Change 771354 merged by BBlack:

[operations/dns@master] GeoDNS Cyprus to drmrs

https://gerrit.wikimedia.org/r/771354

Change 771672 had a related patch set uploaded (by BBlack; author: BBlack):

[operations/dns@master] geodns: maxmind now has CY in EU rather than AS

https://gerrit.wikimedia.org/r/771672

Change 771672 merged by BBlack:

[operations/dns@master] geodns: maxmind now has CY in EU rather than AS

https://gerrit.wikimedia.org/r/771672

jbond triaged this task as Medium priority.Mar 21 2022, 11:58 AM

Arzhel and I discussed this a bit, and we're going add a few more countries manually for now before proceeding with the esams-resiliency patches. Arzhel identified PT, ES, and FR are good targets - they'll get us significantly more traffic than drmrs has now and keep caches hotter, and they all see at least some latency improvement @ drmrs. We'll roll these out in that order (smaller-sized first), and then see about working on the esams failover parts!

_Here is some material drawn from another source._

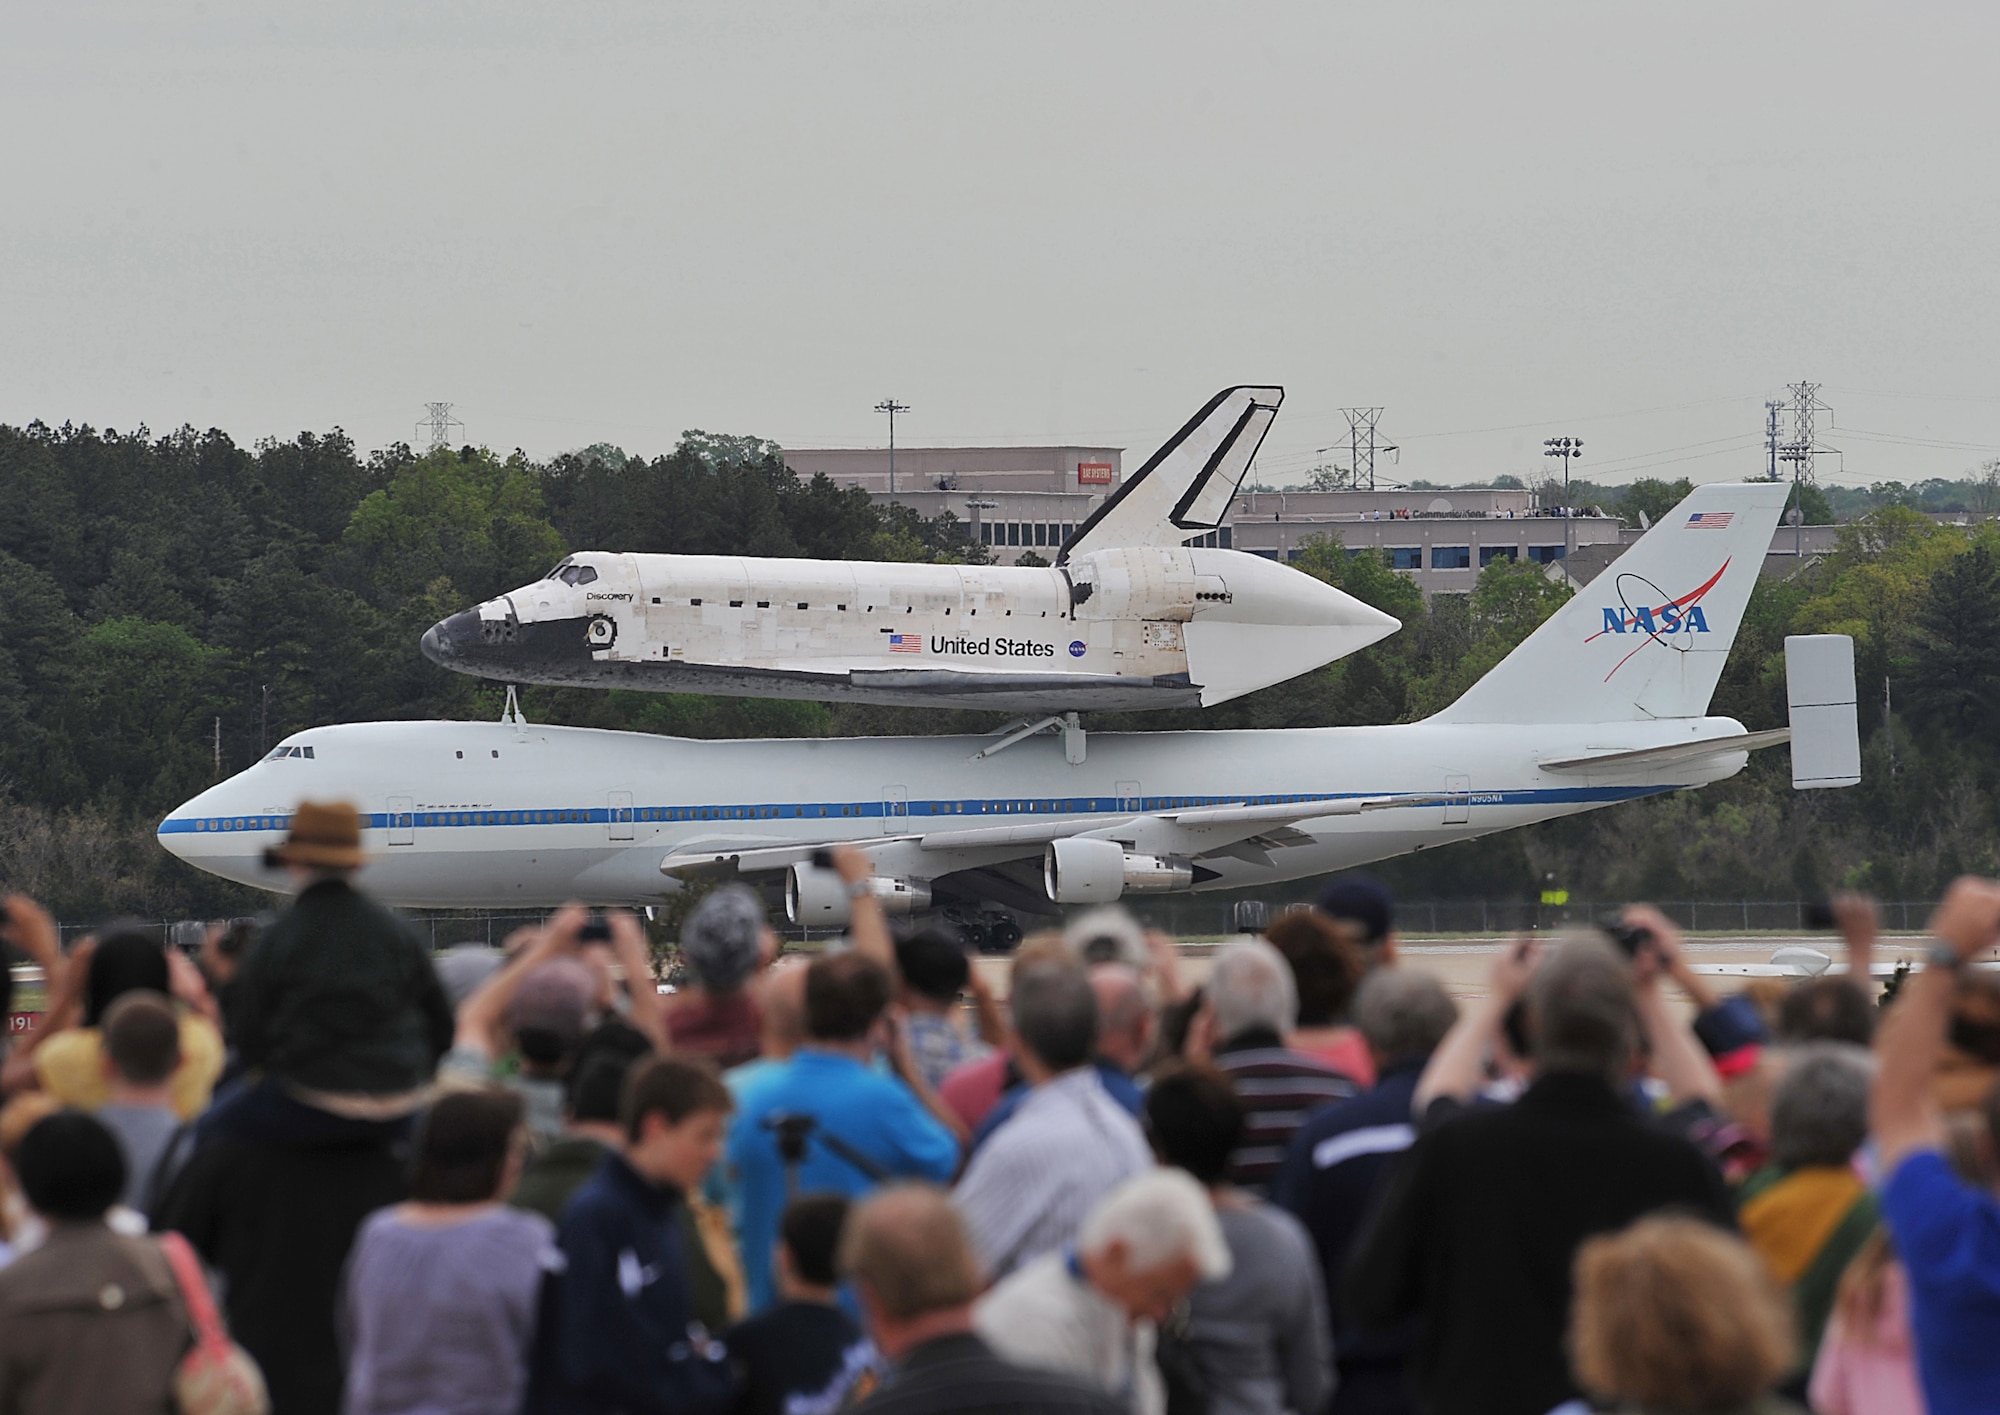 A crowd watches as the space shuttle Discovery, sitting on top of a modified NASA Boeing 747 aircraft, taxis on the runway at Washington Dulles International Airport in Dulles, Va., April 17, 2012. The Discovery made its final voyage to the Smithsonian National Air and Space Museum annex in Virginia. (U.S. Air Force photo by Val Gempis)

Change 772876 had a related patch set uploaded (by BBlack; author: BBlack):

[operations/dns@master] map Portugal to drmrs

https://gerrit.wikimedia.org/r/772876

Change 772876 merged by BBlack:

[operations/dns@master] map Portugal to drmrs

https://gerrit.wikimedia.org/r/772876

Change 773244 had a related patch set uploaded (by BBlack; author: BBlack):

[operations/dns@master] map Spain to drmrs

https://gerrit.wikimedia.org/r/773244

Change 773245 had a related patch set uploaded (by BBlack; author: BBlack):

[operations/dns@master] map France to drmrs

https://gerrit.wikimedia.org/r/773245

PT was pretty smooth, ES likely to be later today, closer to when their daily traffic cycle begins to trend downwards.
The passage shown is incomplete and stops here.